Cognitively speaking, this is not at all unusual, as humans are hardwired to make meaning from experience. However, I can’t help but feel that if the images were less compelling, or treated in a less compelling manner, and if the text was less evocative, I would have quickly lost interest or gotten frustrated (or both). In other words, I am left to wonder if the work would have the same impact had the artists perhaps chosen to harvest images from a much larger range of RSS feeds, or if the artists had not thoughtfully and deliberately composed the text fragments themselves and opted instead to collect text fragments from a broad spectrum of sources. This is why I am reluctant, as some have done, to describe any of the components of this work as “random.” On one level, I agree that there is an element of randomness in the sense that there is no particular order in which the text and images are displayed, and that such an order would be meant to convey a clear plot and solid character development. However, if the images and text were generated and arranged completely randomly, I feel that the work would amount to nothing more than a programming exercise, and would no longer be art.

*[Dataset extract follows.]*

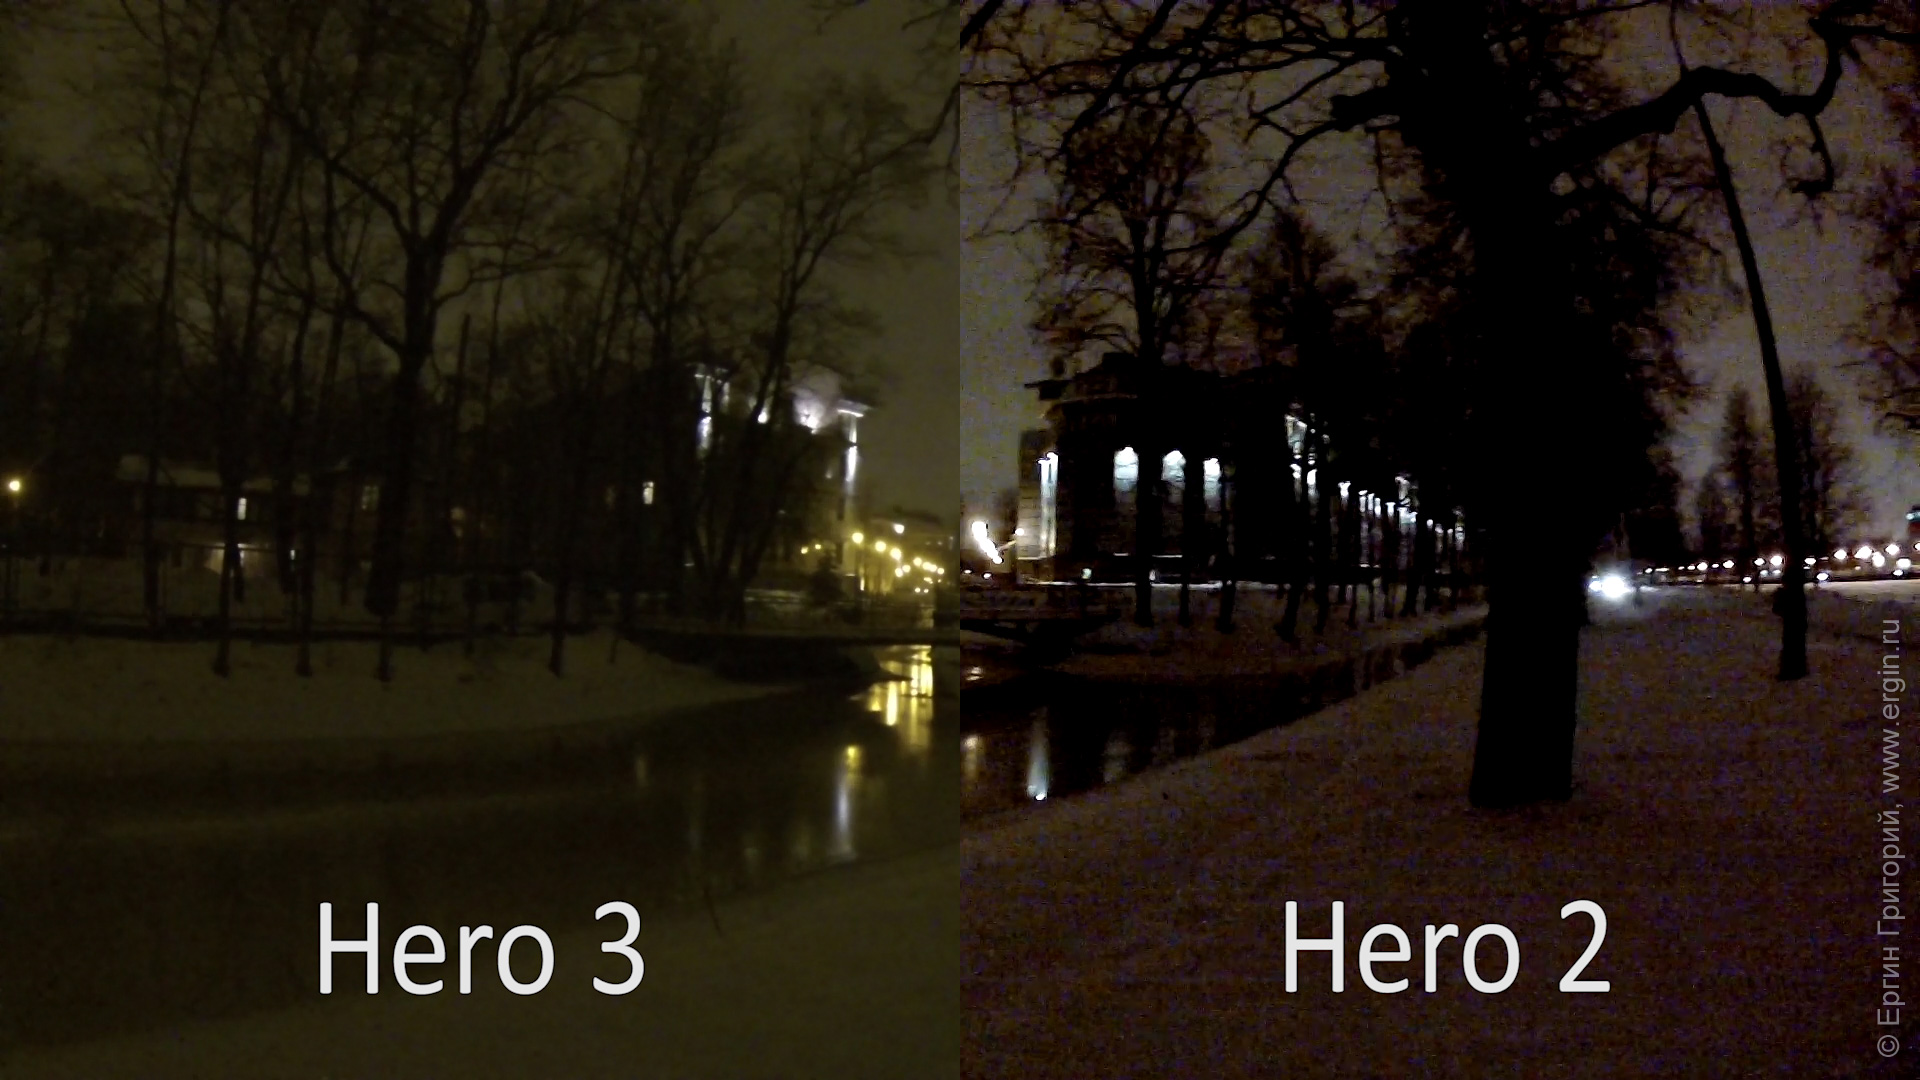 Почти полная темнота сильные шумы у Hero 2, Hero 3 выигрывает по качеству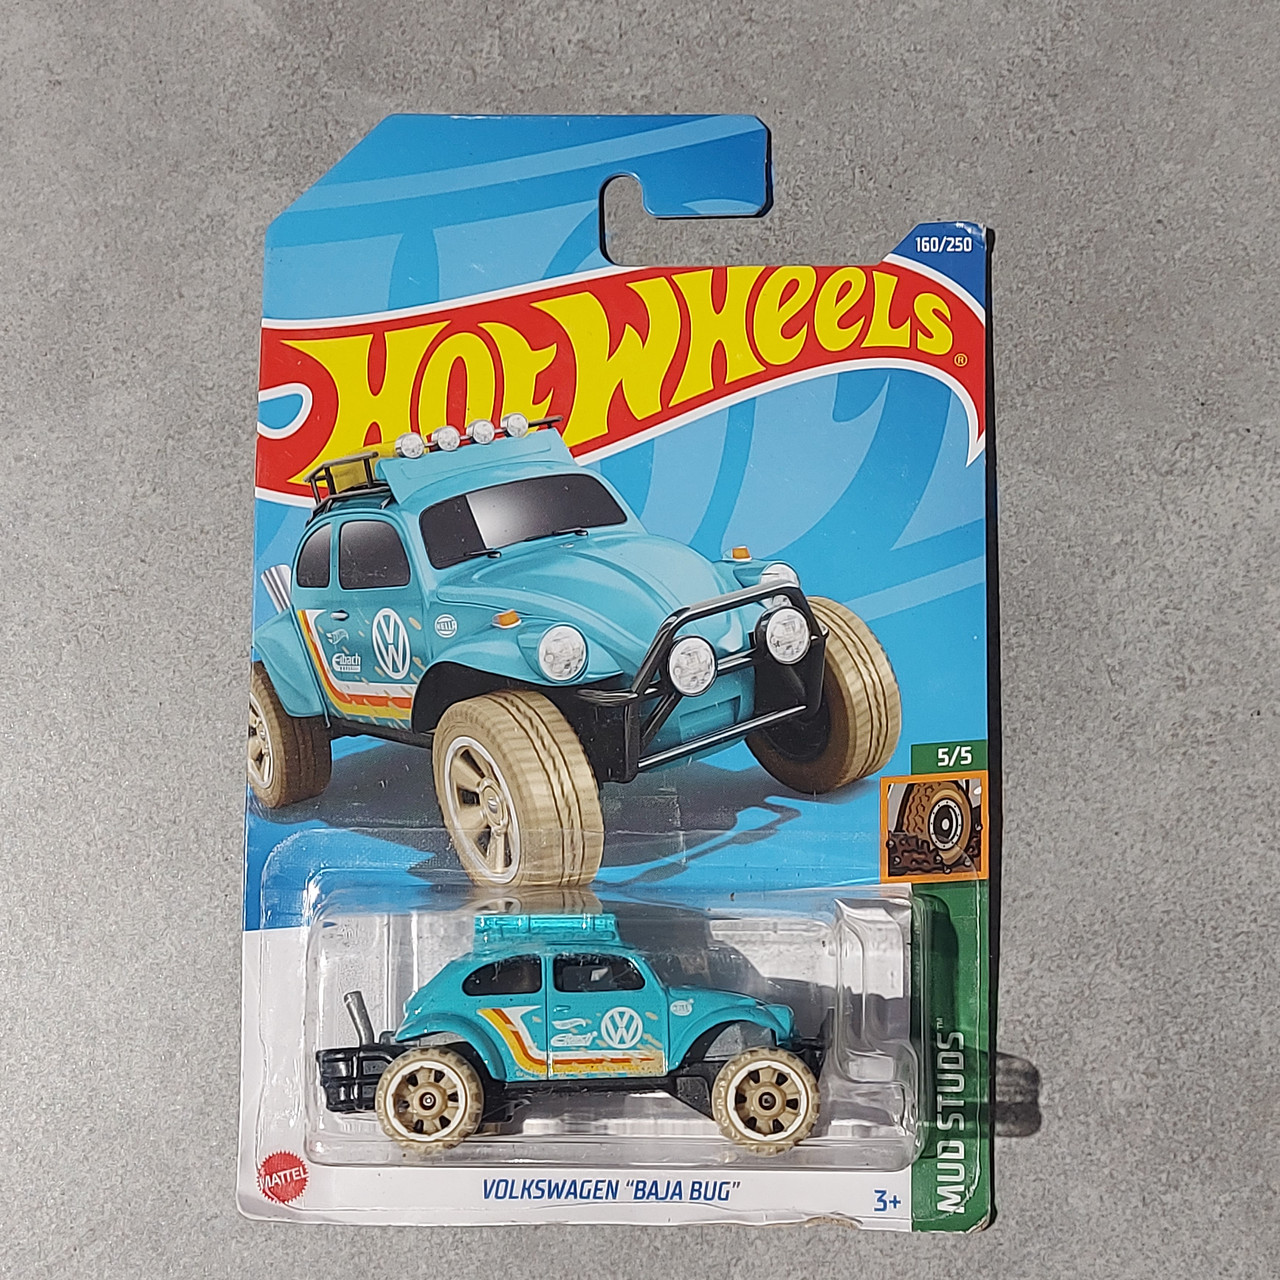 Оригинальная Машинка "Hot wheels" VOLKSWAGEN "BAJA BUG". Mud Studs. Mattel. 160/250. Хотвилс. Машинки. Подарок

Folklorists, such as Amanda Banks and Elizabeth Wein (1998), have described comic strips and comic books as a contemporary manifestation of folk tales and myths, and that comic book authors often draw upon folk narratives, motifs, references, and archetypes in their work. One could thus argue that comic books function in a manner similar to folk tales in that they are reflections of a collective cultural consciousness, manifested through storytelling and personal narrative. Would it be such a stretch, then, to suggest that perhaps personal blogs have succeeded comic books as the most recent version of contemporary folklore, the newest devices for storytelling and a communal source of meaning? If so, interpreting Grafik Dynamo as a work which relies on the formal and literary conventions of the comic strip to frame a segment of the blogosphere (in this case, LiveJournal) as an example of how blogs have come to play a popular cultural role not unlike one played by comic strips and its predecessors would not be way off base.